Substituting techniques and technology for love
Thanks to everyone who participated in the discussion (sometimes pile-on) about leadership. I regret that I trusted a second-hand source for information about a conference and posted on it, even though I thought that this source is reliable. My fault completely. Egg on my face.
Still, we’re faced with questions about leadership. I left this comment near the end of the thread:
There has to be something distinctive about Christian leadership, because God’s economy is completely different. I’m in the middle of working through Judges, and one of the messages is that we’re always in danger of adopting the values and practices of the surrounding culture, even when they are completely opposite to what God has called us to be and to do. So I am a little concerned that we (not the Fellowship – the church in general) are mirroring a cultural fascination with business-style leadership.
Finally, when I think of the places and times where God is moving and the church is thriving, I don’t think that the key factor is that they have more capable leaders.
I’m not trying to dismiss leadership; I’m just saying there are still unresolved issues we need to continue to explore.
Ken and Paul also have some good thoughts.
Just received this e-mail from my friend Naomi this morning, and she gave me permission to post it here:
Speaking of leadership (and thinking now of Moses) and his being a man of great humbleness, his woosing out on wanting to go to Pharaoh on his own, and his not thinking he could speak well enough etc. — his only strength really being his direct line to God — that God gave — well, I’d like to see how the leadership strategists could explain the successfulness of that mission, leaning on the virtue of Moses’ gifts, abilities, or skills. Every single step of the way it was God leading the show, giving the instructions, showing the way, etc.
I even thought of this issue as I read this book review of a book I’m very interested in now. Lauren Winner writes, “Some of the questions Houston raises about the ways Christian culture has been infected by that secularism — such as his suggestion that the tendency in today’s professionalized ministry is to substitute “techniques and technology for love” — strike uncomfortably close to home.” I know that you techniques and love aren’t exclusive of each other – but I wonder if this charge is true.

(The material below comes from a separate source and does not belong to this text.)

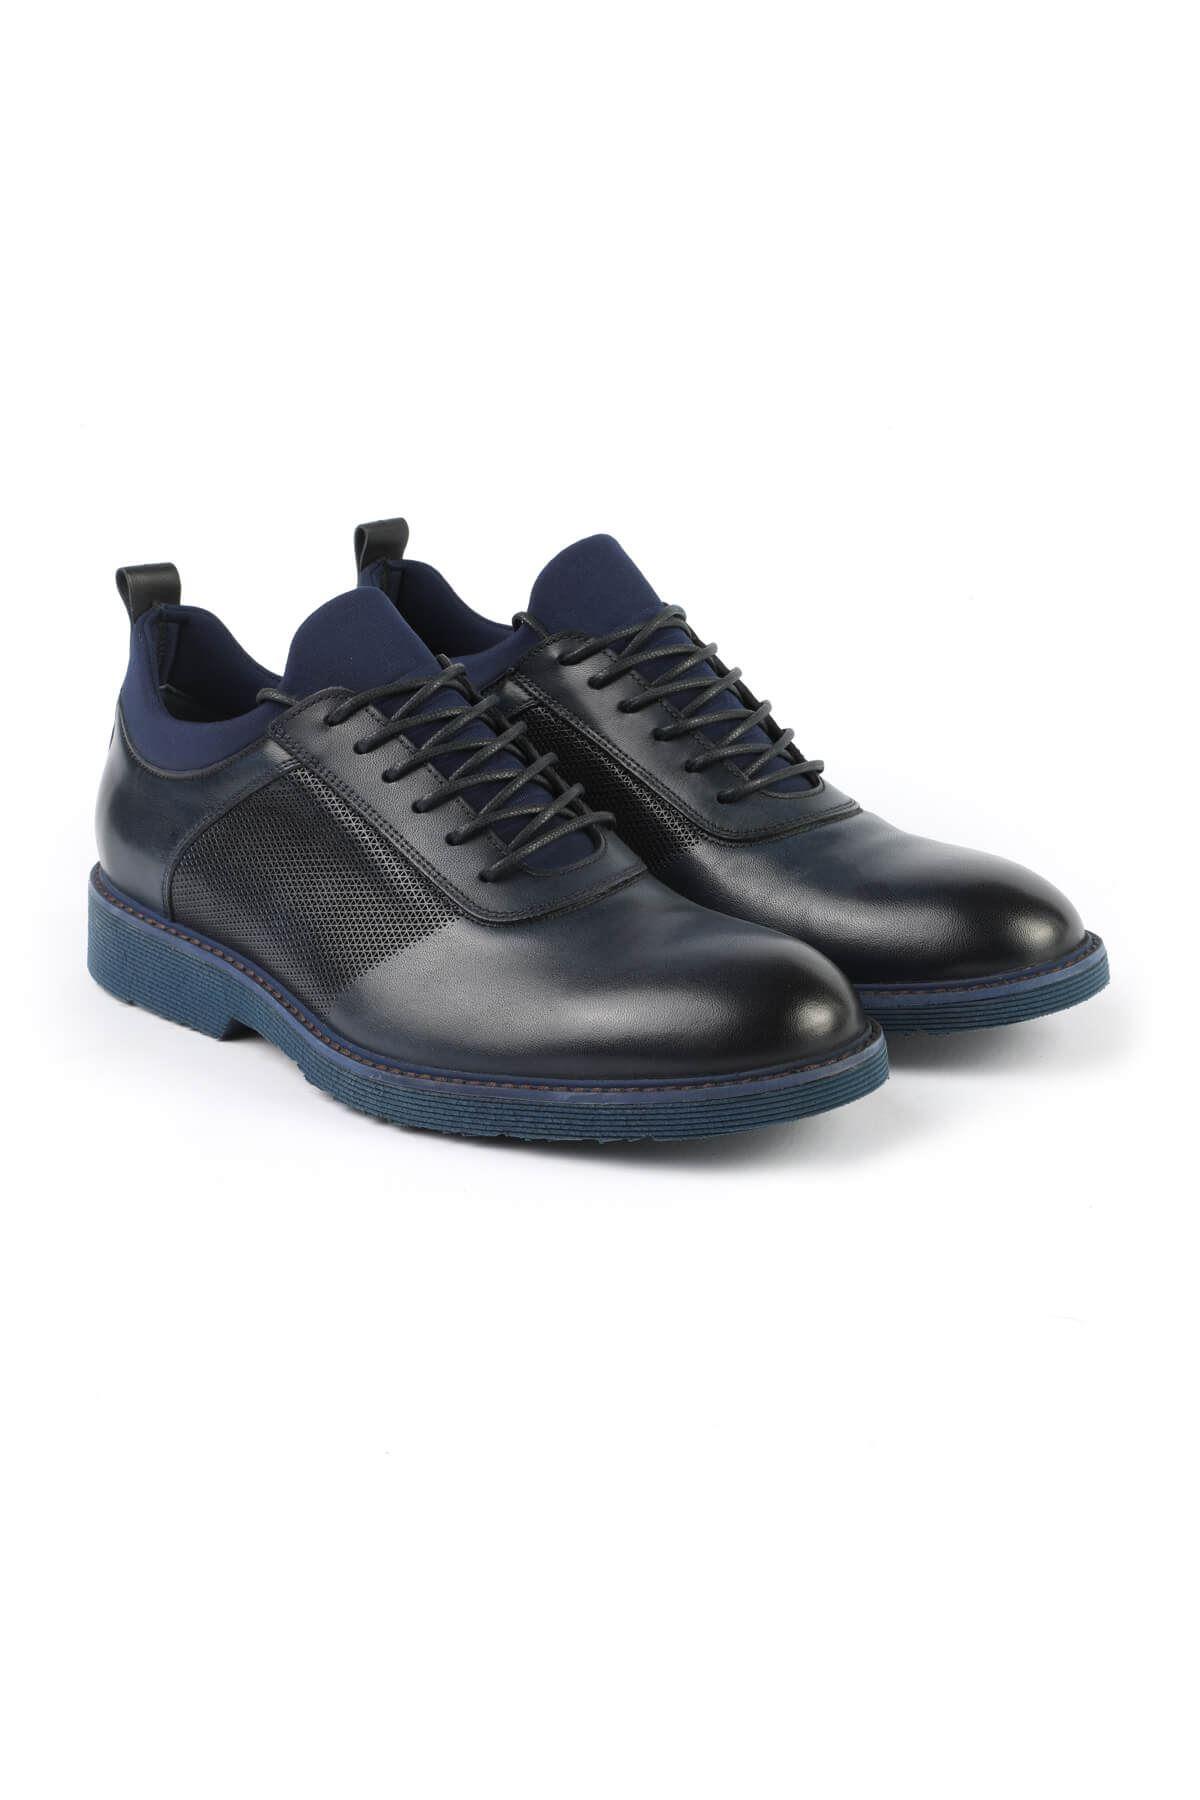 Libero 2999 Navy Blue Casual Shoes

The problem is that techniques and technology and leadership have their place – but they are secondary at best, and we tend to make them primary. That’s why I like books like Leading with a Limp, because they bust the myth of the heroic leader. Leadership is important, but the best leaders lead out of God’s power showing up in their weakness.
It’s why I like my friend Bill’s observation that we’re a lot like Israel looking for a king so they can be like all the other nations, when God says we don’t need a king because we have him. The king can get in the way of God, and so can certain kinds of Christian leadership.
In the end, we need to do a whole lot more thinking about Christian leadership. I still believe leadership is important, but maybe we need a different kind of leadership.